The film also featured uncredited performances by Timothy Bottoms as Johnny Canty, Phil Bowers, Jason Reid as Riff, Jon Voight as the film's presenter, and Denise Wilson as Tattooed Woman.

==Production and release==

The film marked the directorial debut of actor Arye Gross. Filming locations included Agoura Hills, Los Angeles, and Venice, California, USA.

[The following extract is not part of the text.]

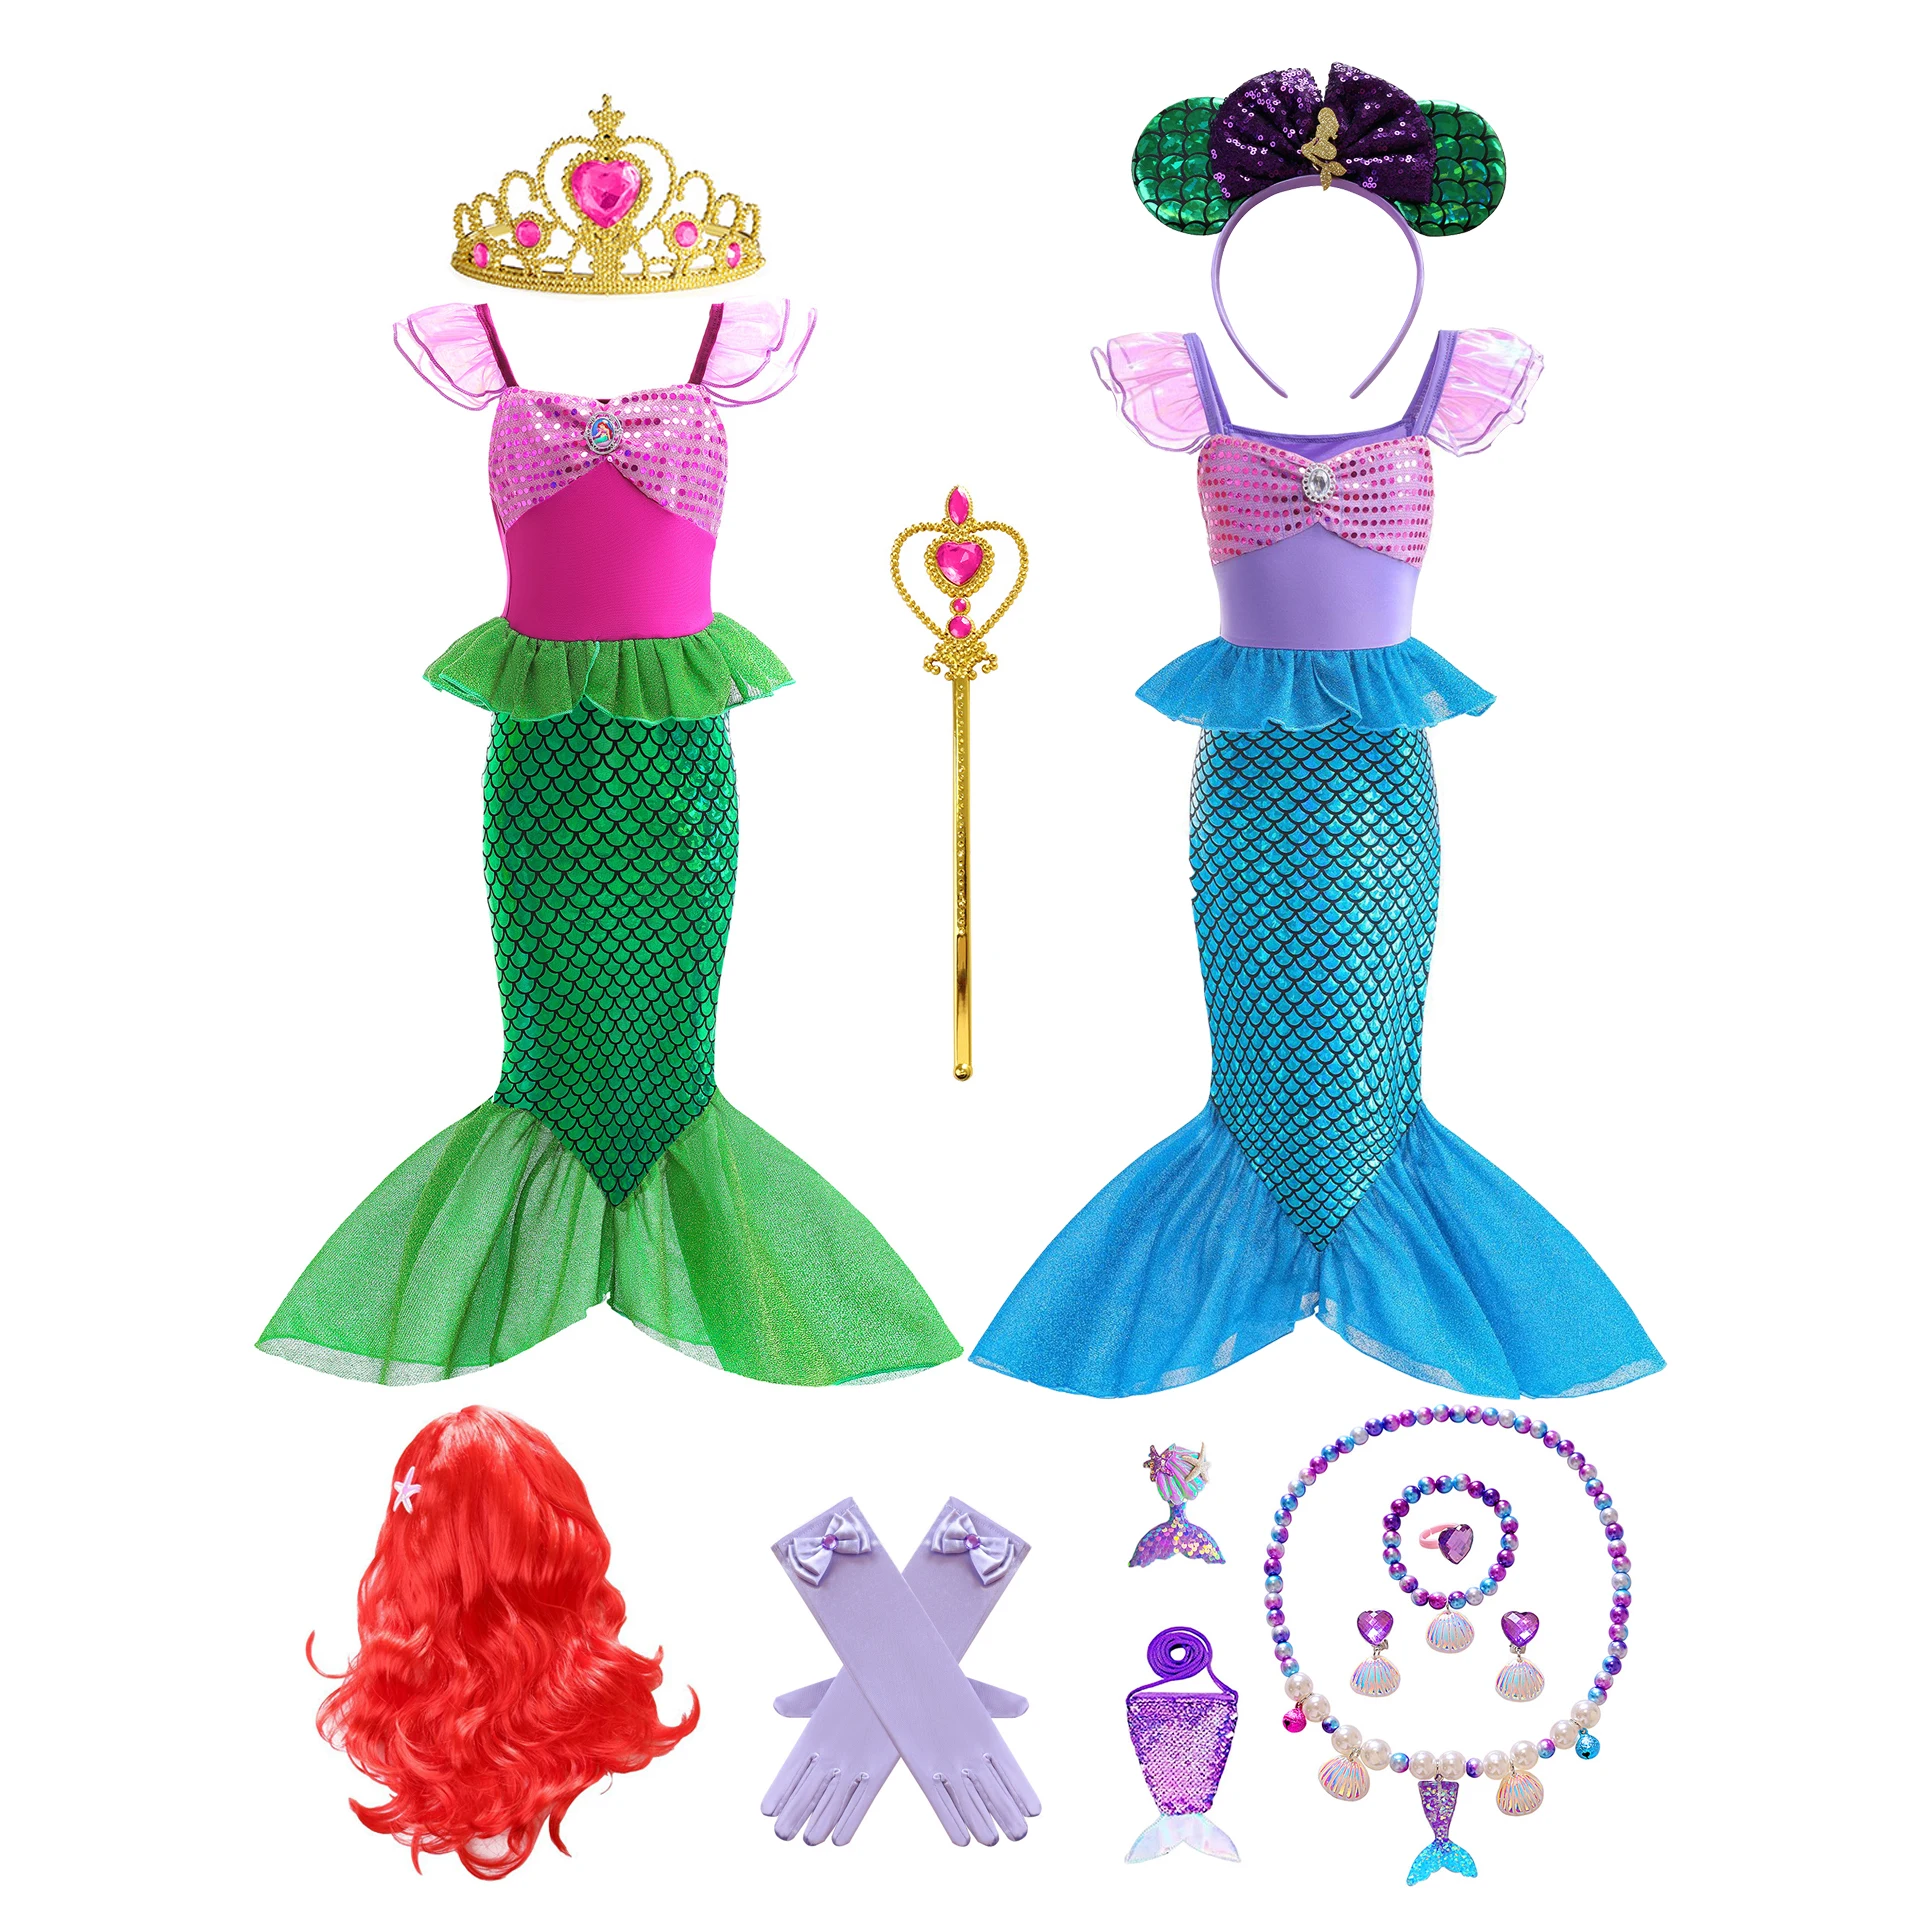 

Little Mermaid Costume for Girls Mermaid Dress for Ggirls Sequined Birthday Party Carnival Cosplay Kids Princess Costume

It was released directly to video in 1999, DVD in 2000 and 2004, rated PG for "brief mild language".

==Reception==
Reviews of the film were mildly positive. Brian Webster of online Apollo Guide gave the film a score of 69 percent, calling the film "decent, but unspectacular family entertainment, with plenty of minor thrills and laughs for the eight to 12-year-old set." Though he found it to be predictable, with nothing to particularly recommend, he also found "no major failings". He granted that secondary characters were mere "stereotypes (including those played by the screenwriter and one of the co-directors)", but that the young stars had "energy and just enough acting talent to pull it off." He found Cardellini to be "a decently spunky Melissa".

The Pound Shop movie review site relates that it is "fairly clear that this is a movie for the kiddies", but that it was "pretty unreasonable" to not have "one single instance of surfing". The reviewer found that the "stand out elements of this movie" include "Erik Lundmark’s Casio keyboard score. While clearly made with a very limited amount of time, and money, I feel it is one of the few movie soundtracks that really help move the film along." Also, the "banter between the incompetent security guards at the resort actually finds its mark every now and again as well," and overall, the acting was satisfactory. Summarizing, the review stated the film is "worth a pound."

AllRovi.com reviewer Mark Deming gave the film two (of five) stars.